* DATA *

■ ■ ■

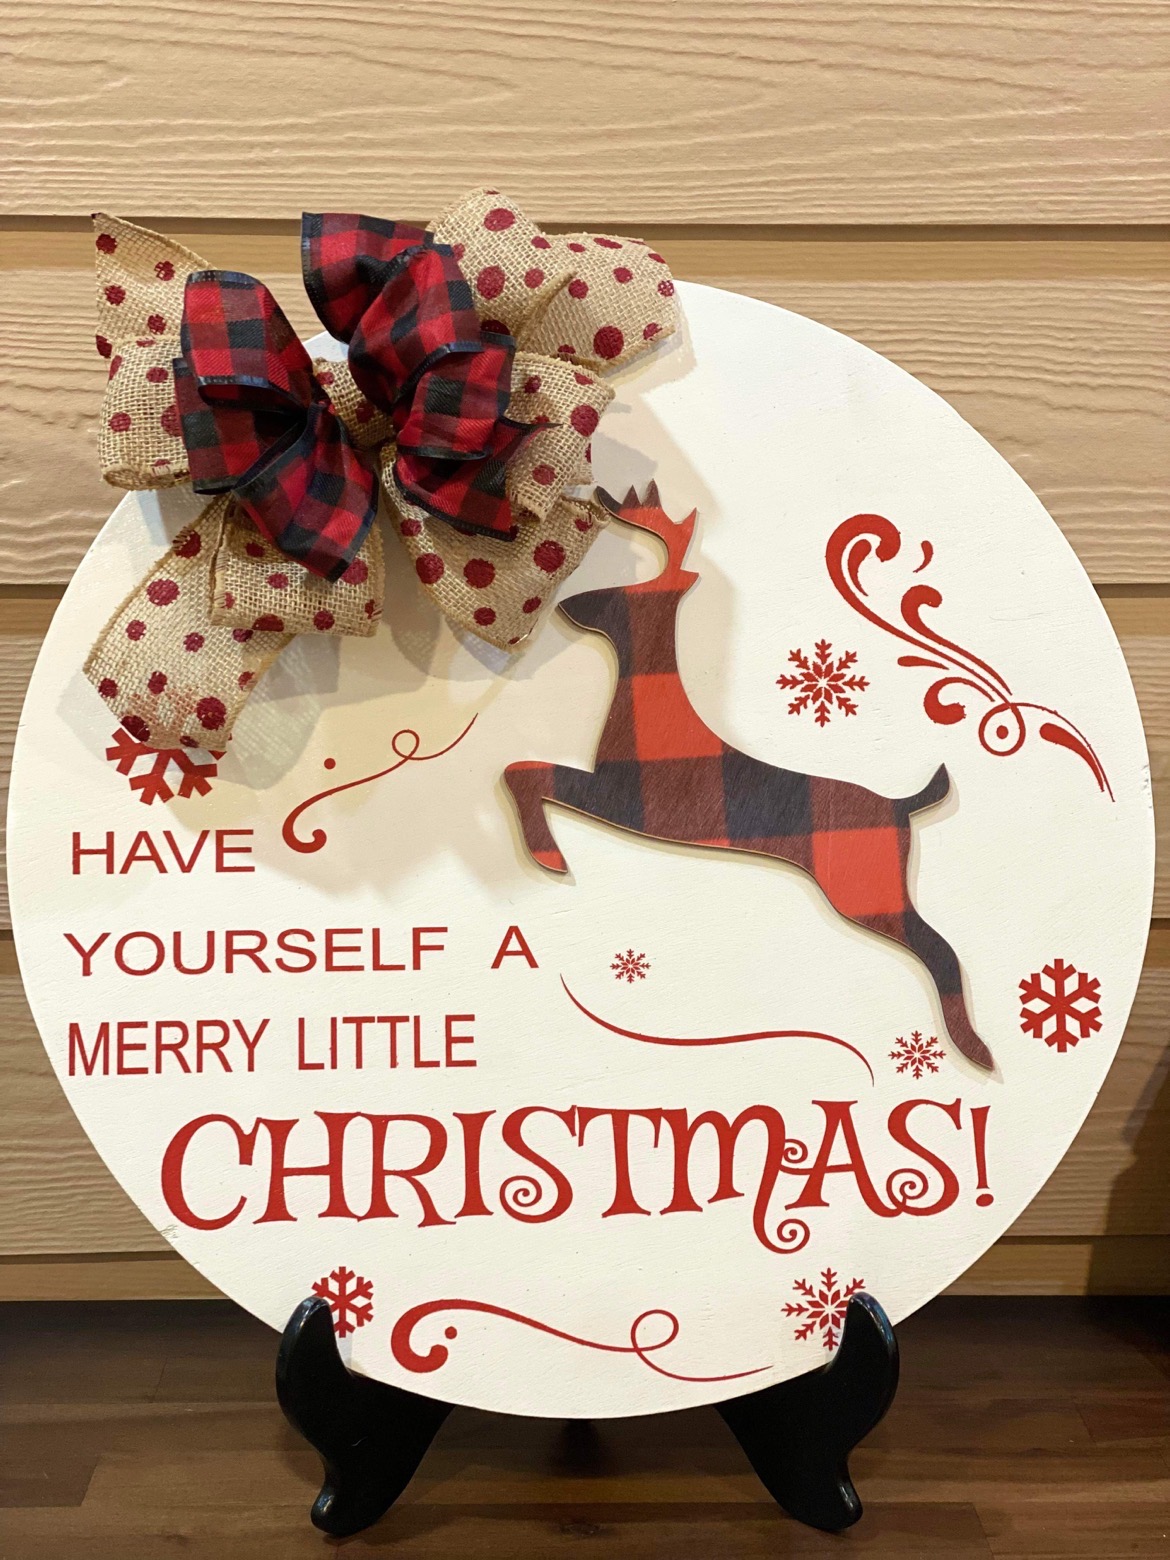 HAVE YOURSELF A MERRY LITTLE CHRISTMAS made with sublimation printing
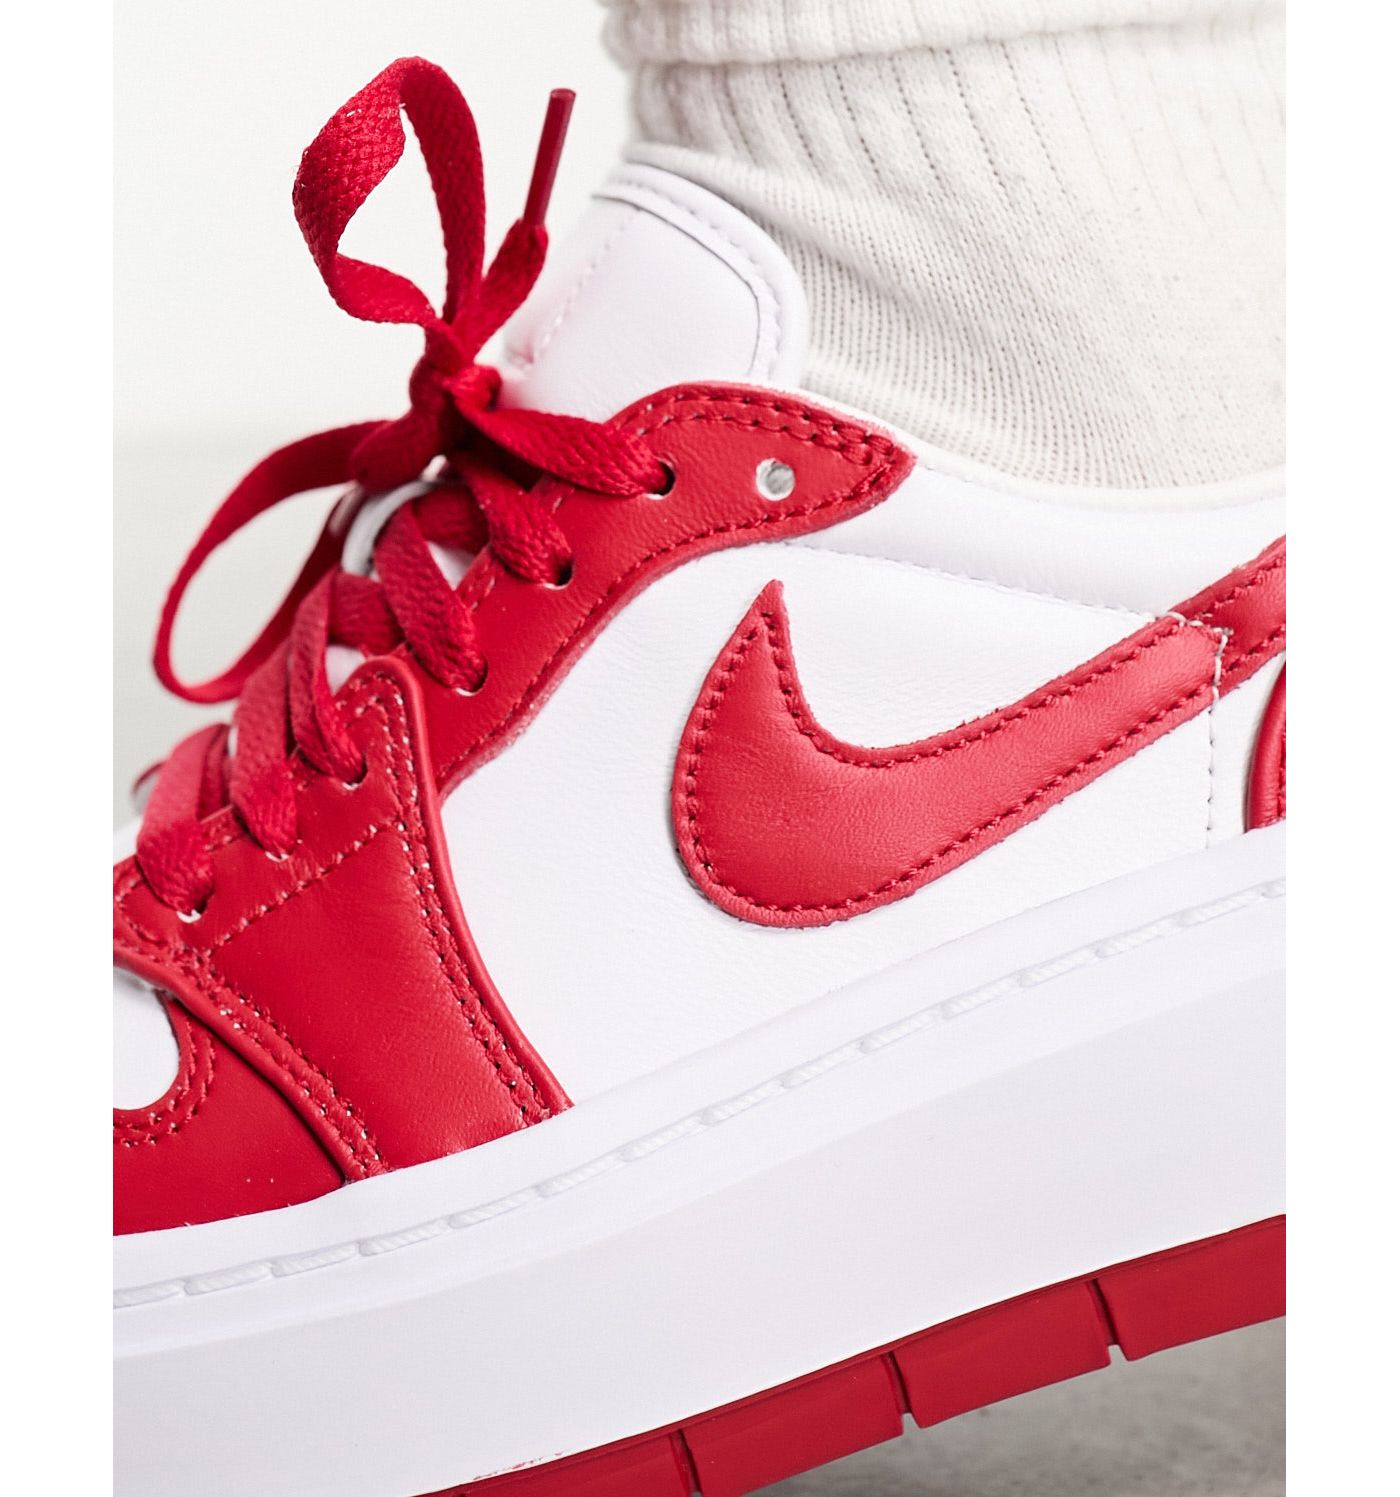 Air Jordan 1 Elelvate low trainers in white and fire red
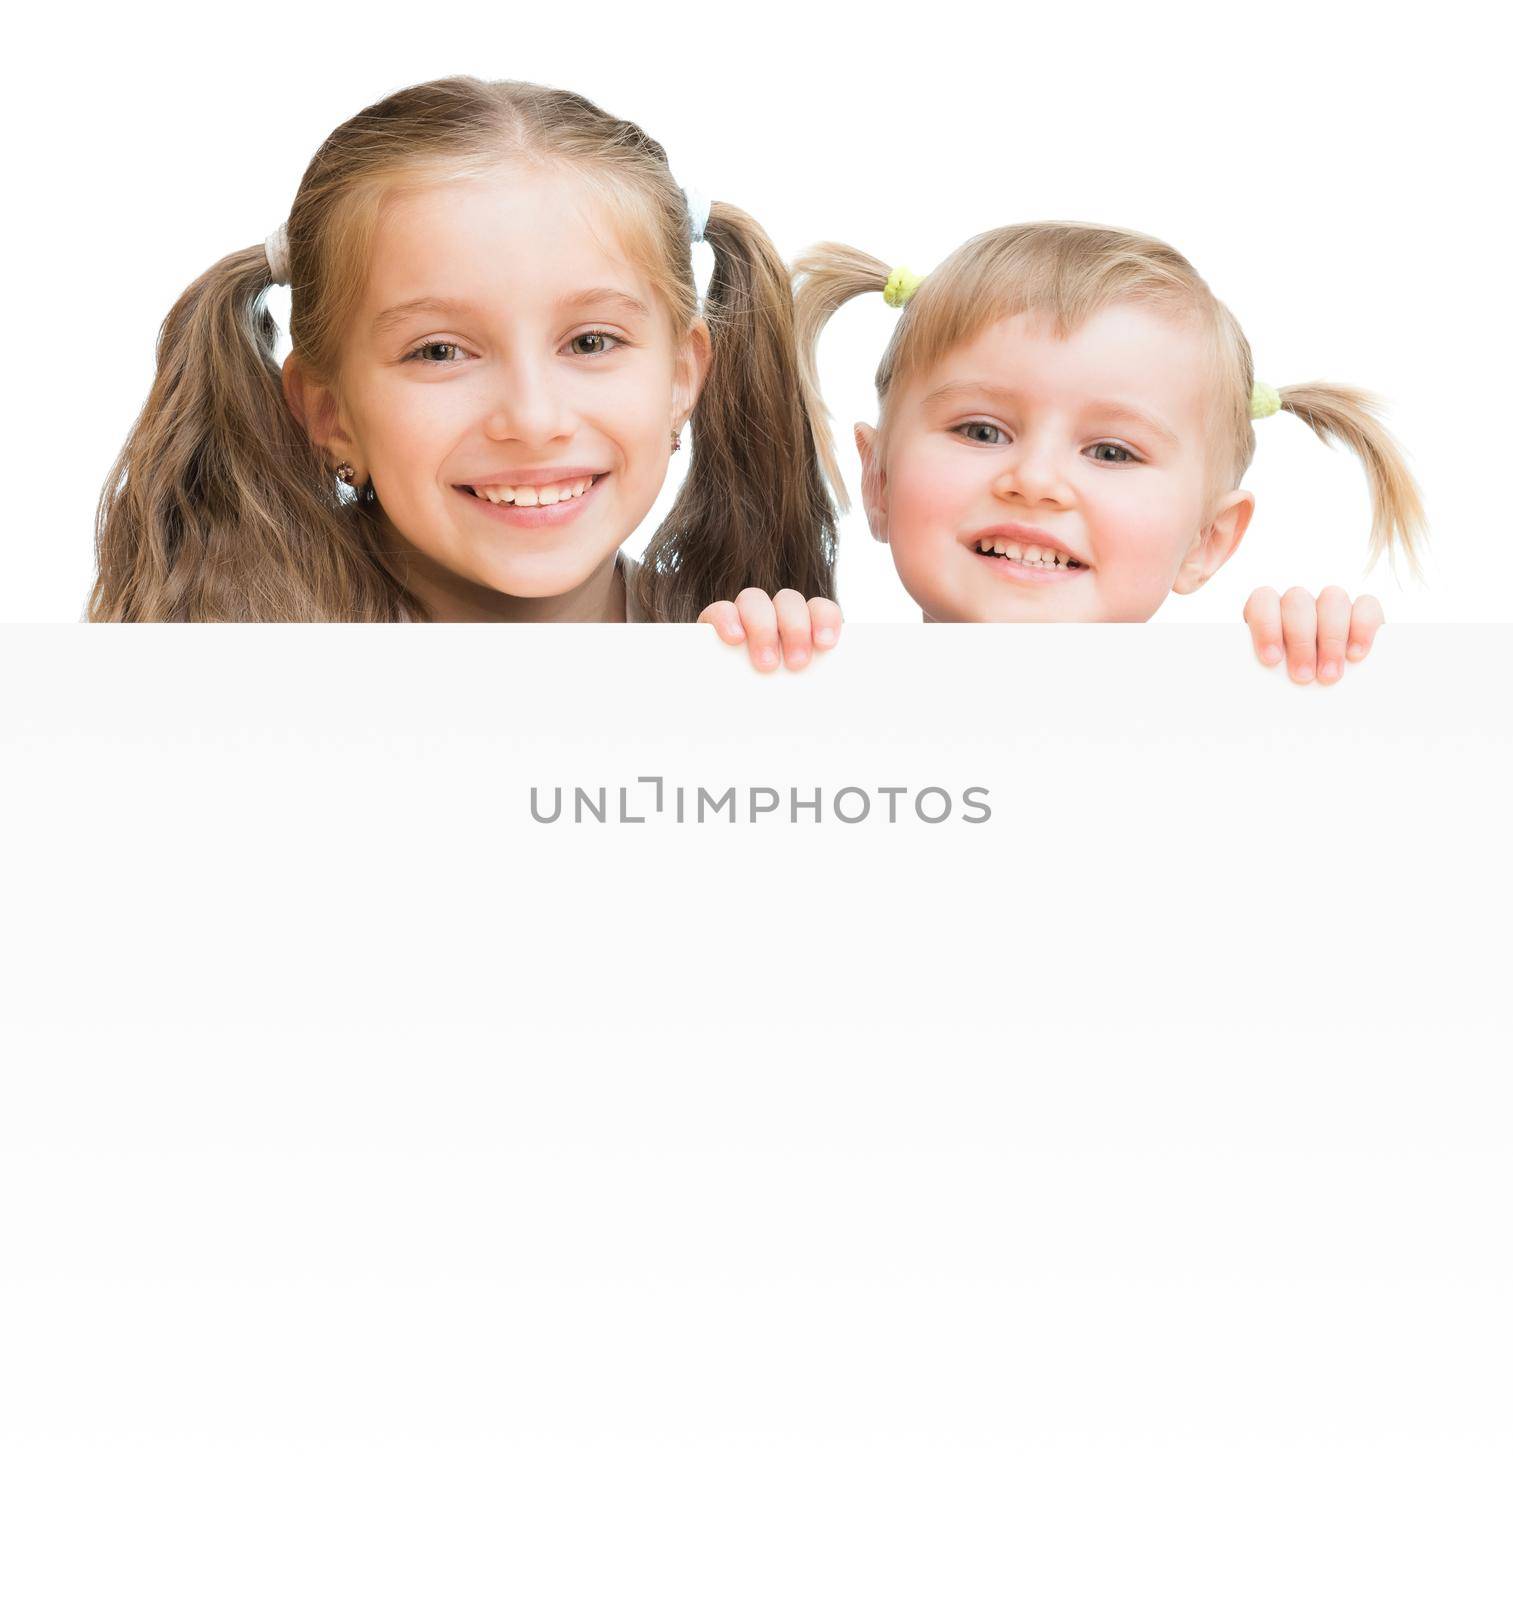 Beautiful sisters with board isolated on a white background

■ ■ ■

* YOUR TASK *
The lines running from the one with "Air Jordan 1" to the close of the material above are to be retyped exactly; no picture is to be included.

* WRITTEN REPLY *
 Air Jordan 1 Elelvate low trainers in white and fire red
 Beautiful sisters with board isolated on a white background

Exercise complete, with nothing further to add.